# WHAT YOU NEED TO DO
Below is a listing with pictures. Repeat exactly the lines starting at the one holding "ACE ट्रैक्टर्स की" and going on through the one holding "#ACE #AceTractorsIndia #AceTractors", and leave every picture out.

** Opening LISTED RECORDS block **

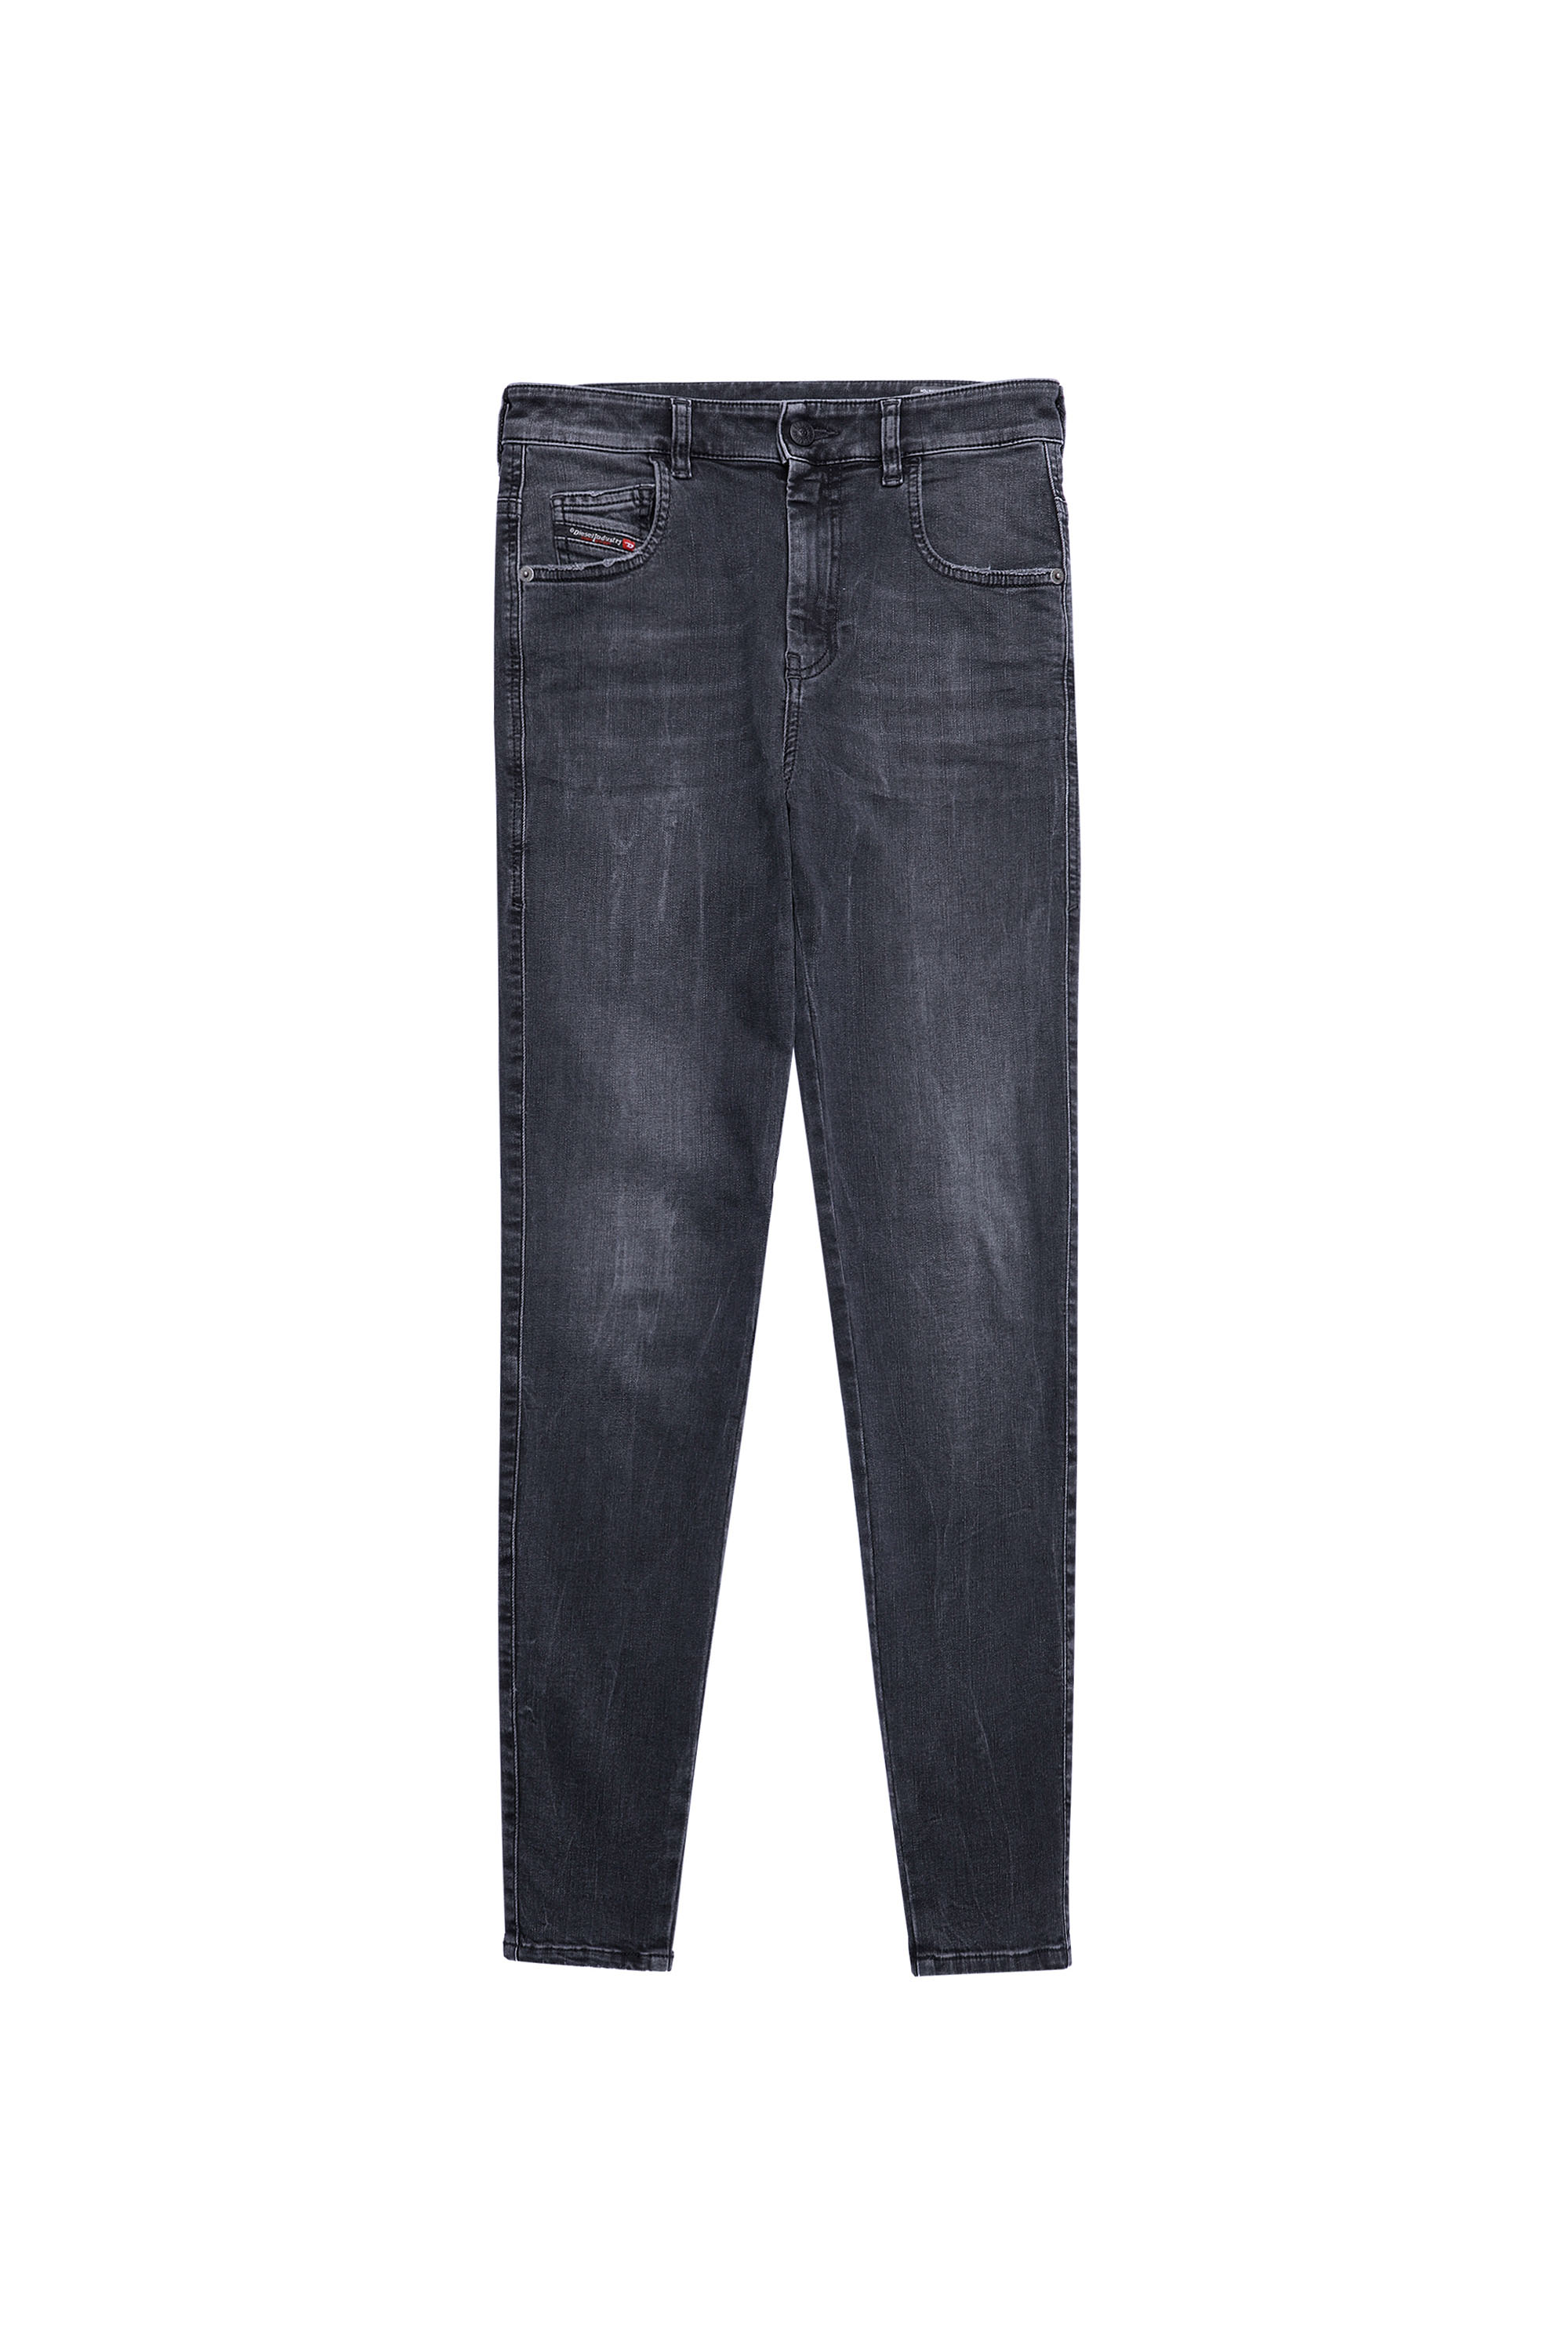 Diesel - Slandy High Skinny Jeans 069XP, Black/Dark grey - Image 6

** Closing LISTED RECORDS block **
** Opening LISTED RECORDS block **

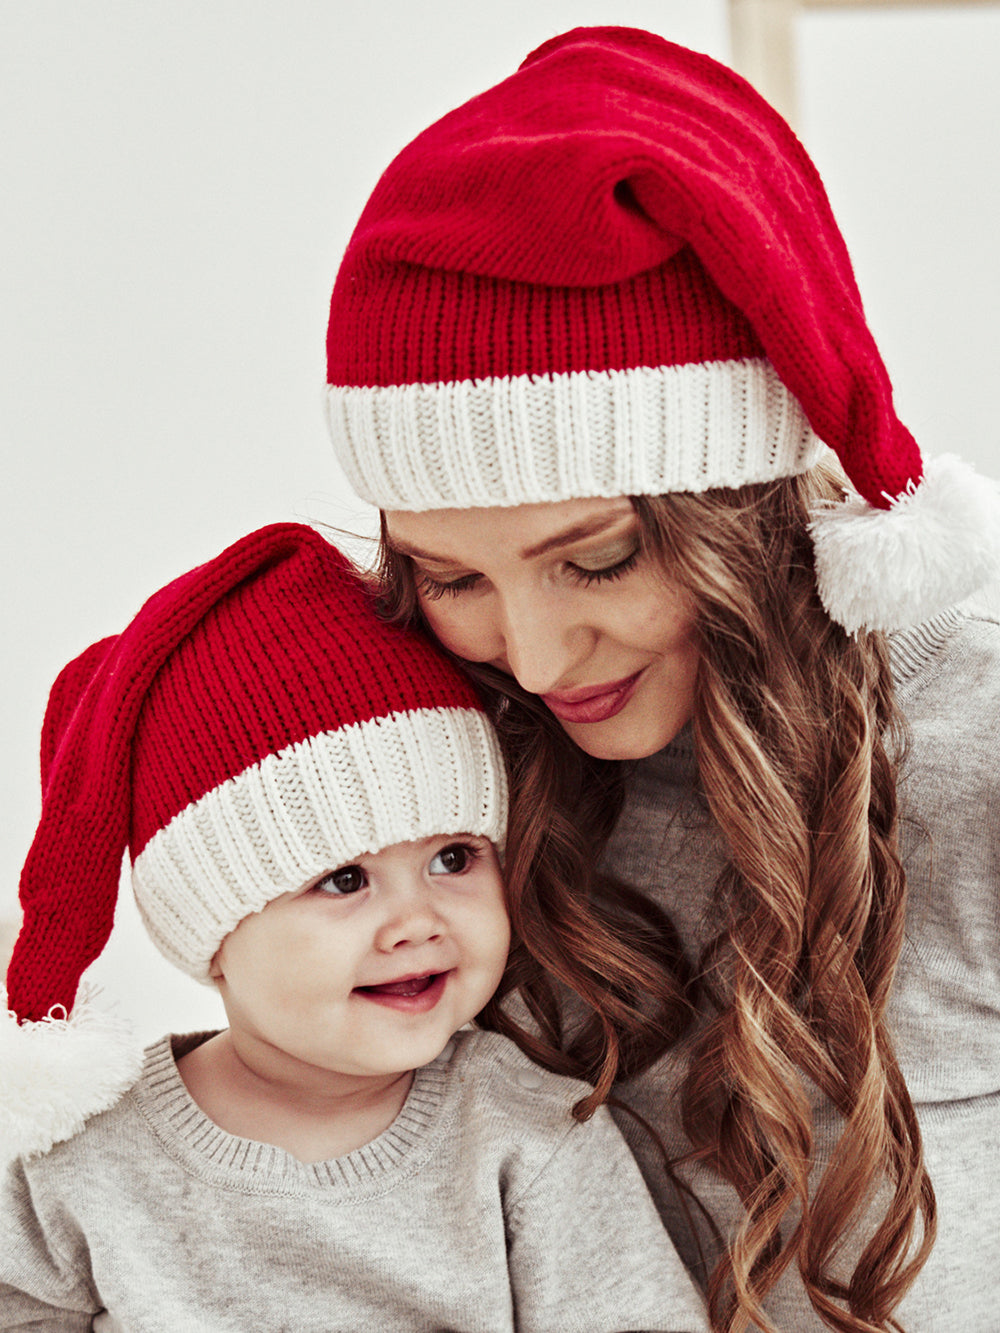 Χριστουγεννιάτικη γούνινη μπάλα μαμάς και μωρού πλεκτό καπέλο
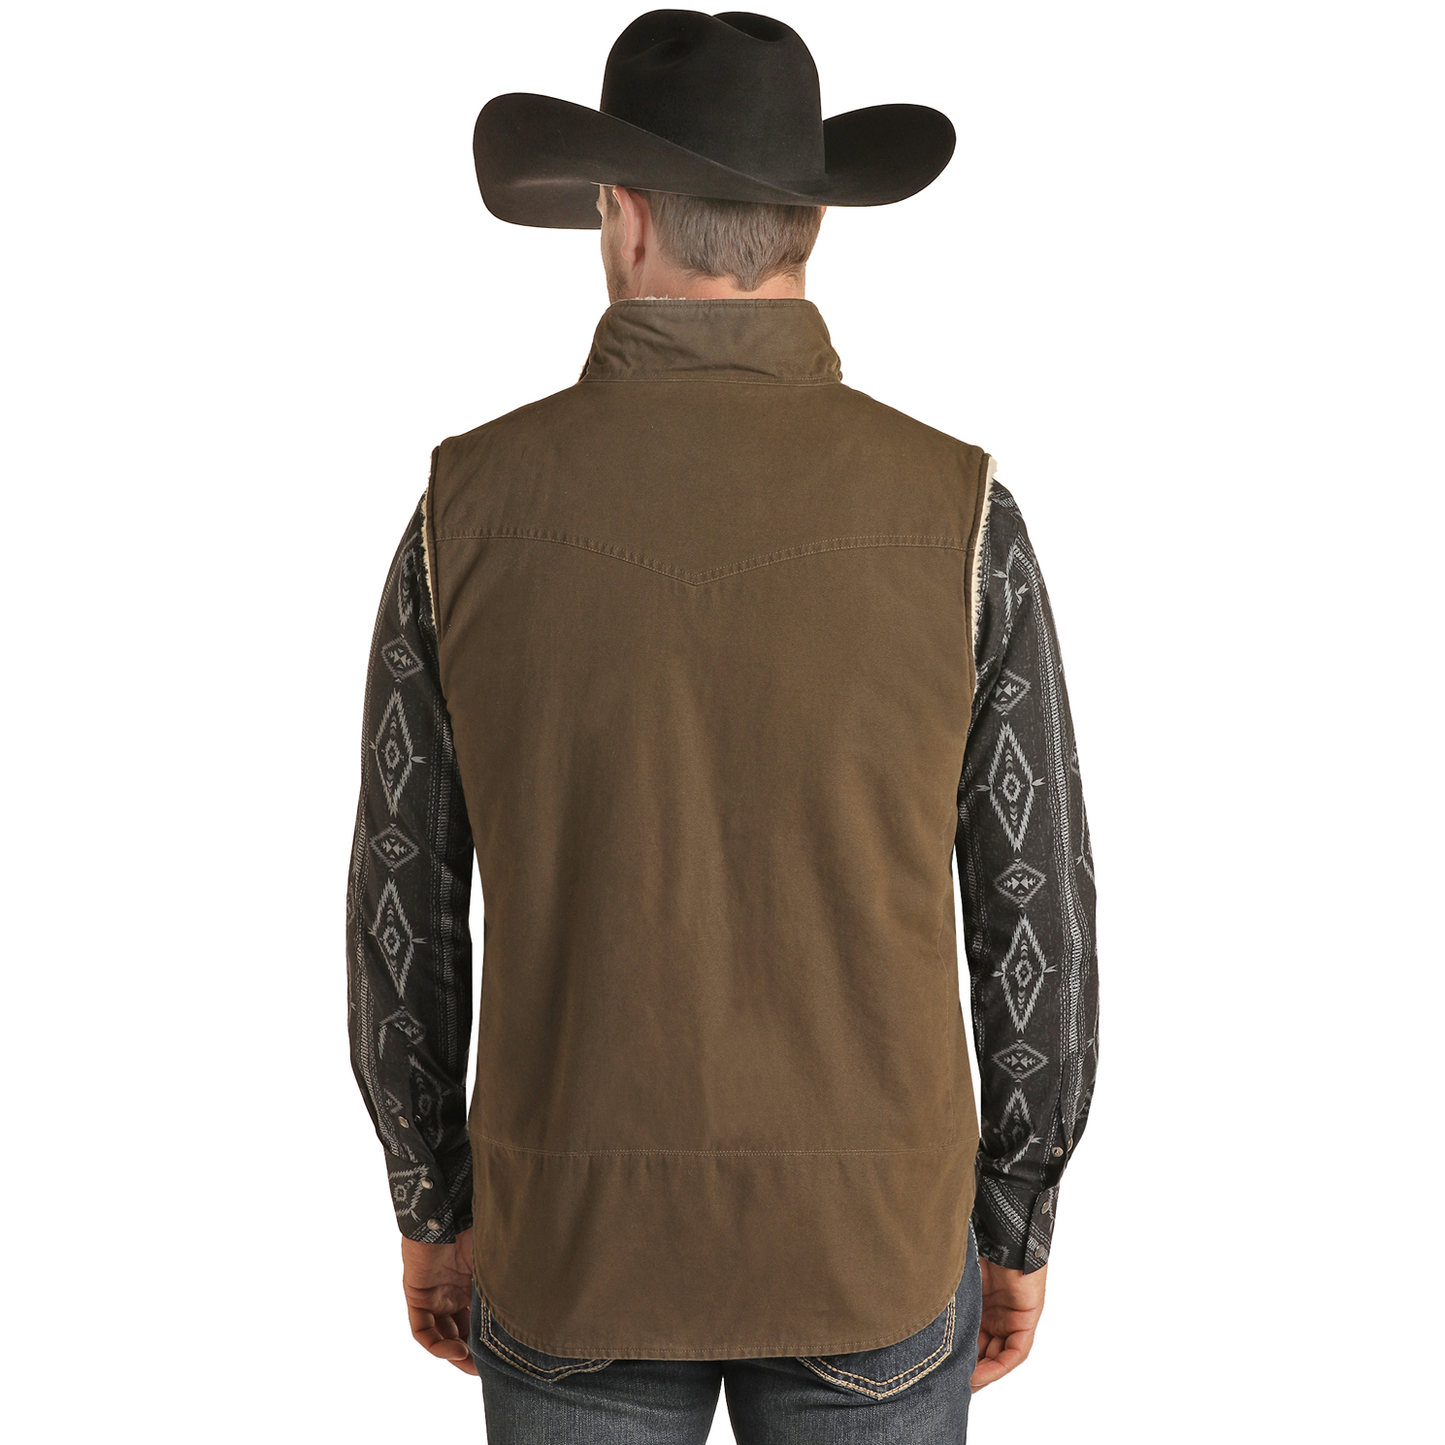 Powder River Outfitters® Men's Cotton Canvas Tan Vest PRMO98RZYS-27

** Closing LISTED RECORDS block **
** Opening LISTED RECORDS block **

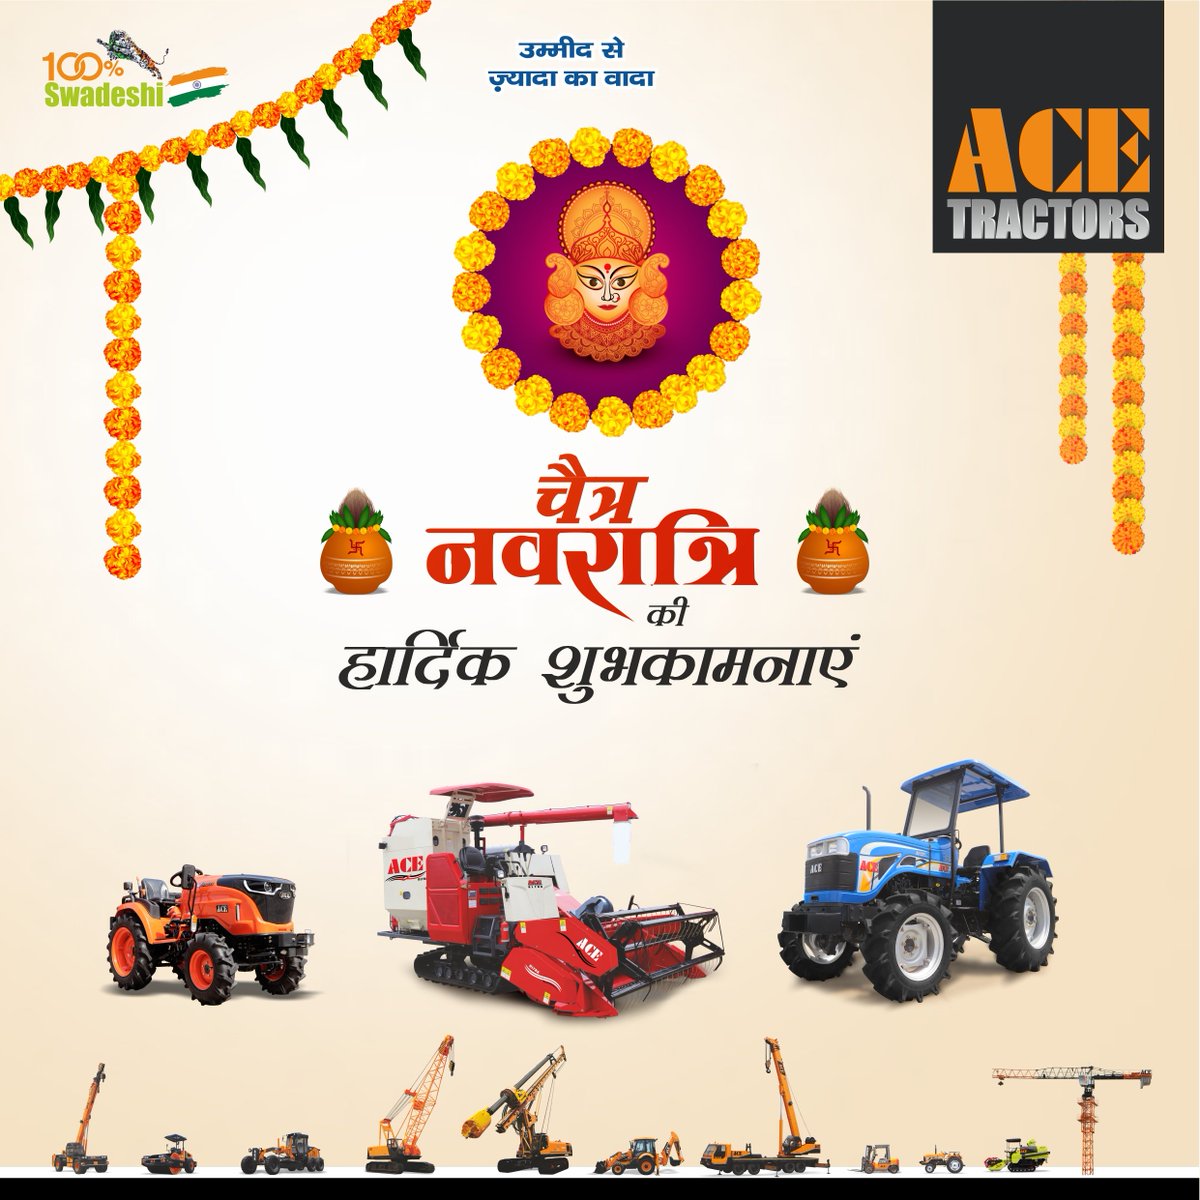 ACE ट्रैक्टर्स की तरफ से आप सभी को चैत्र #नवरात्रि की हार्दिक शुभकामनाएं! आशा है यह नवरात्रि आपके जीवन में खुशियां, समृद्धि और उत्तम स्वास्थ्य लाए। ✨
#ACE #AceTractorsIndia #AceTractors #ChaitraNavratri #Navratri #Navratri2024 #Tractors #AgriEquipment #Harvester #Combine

** Closing LISTED RECORDS block **

# RESPONSE
 ACE ट्रैक्टर्स की तरफ से आप सभी को चैत्र #नवरात्रि की हार्दिक शुभकामनाएं! आशा है यह नवरात्रि आपके जीवन में खुशियां, समृद्धि और उत्तम स्वास्थ्य लाए। ✨
#ACE #AceTractorsIndia #AceTractors #ChaitraNavratri #Navratri #Navratri2024 #Tractors #AgriEquipment #Harvester #Combine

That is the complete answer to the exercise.